American singer (1939–2009)

Kenneth J. Diono, known professionally as Kenny Dino (July 12, 1939 - December 10, 2009) was an American singer born in Astoria, Queens, New York, United States.

Dino's family moved to Hicksville, Long Island in 1955, where he worked on a family farm. He joined the Navy in 1957, and while stationed in Iceland he came in runner-up in a talent show with his version of a song by Elvis Presley. He sang regularly on his tour of duty, and then put together an ensemble back in the States, which toured in Texas and Louisiana. He frequently played with Doug Sahm at the San Antonio Blues Club at this time.

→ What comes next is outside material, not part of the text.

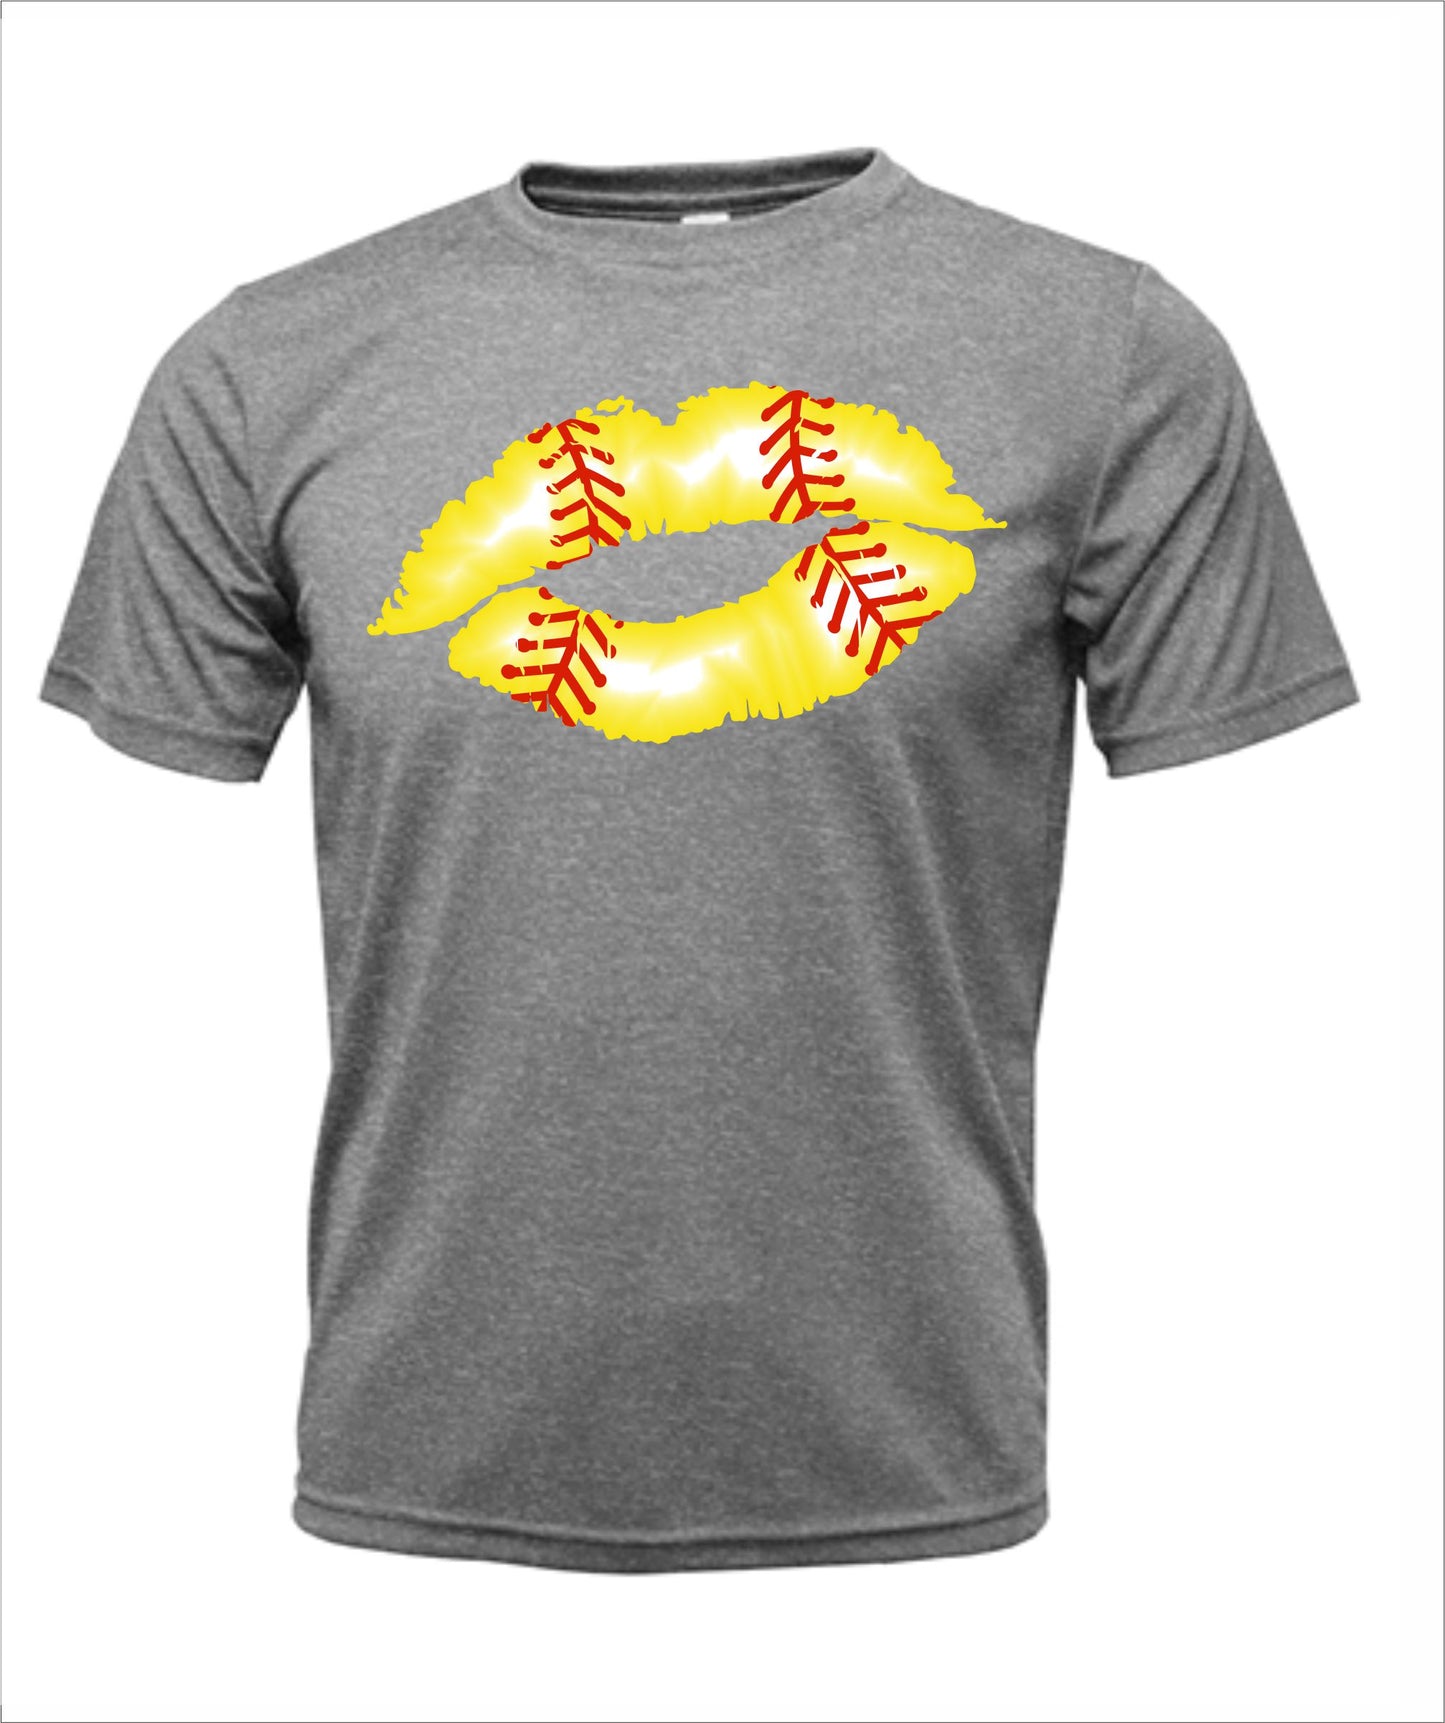 Softball "Kiss" Cotton T-Shirt

He signed with Dot Records around 1960 after moving to New York City, but quickly lost the contract, and signed to Columbia not long after. Dino was offered a chance to duet with Paul Simon but turned it down, and later was offered the song "Suspicion" (an Elvis Presley song, which later became a big hit for Terry Stafford) but was denied the opportunity by his label. He recorded a number of demos for Elvis, including the song "Good Luck Charm".

His lone hit was "Your Ma Said You Cried in Your Sleep Last Night", a No. 24 U.S. Pop hit in 1961. The three back-up singers were Lois Green, Leslie Smith and Alan Eichler, who were all students at Syosset High School at the time. When all further releases yielded no commercial gain, Dino switched to acting and appeared in the film, Valley of the Dolls. Robert Plant later covered this tune on his 1990 release, Manic Nirvana.

==Death==
On December 9, 2009, Kenny Dino had finished his second music gig of the day and was driving from Melbourne, Florida on Interstate 95 to his home in Cocoa, Florida. He pulled over to the side of the road where construction workers found him unconscious. They called the Florida Highway Patrol and paramedics, but Dino died from a heart attack in the early hours of December 10, 2009.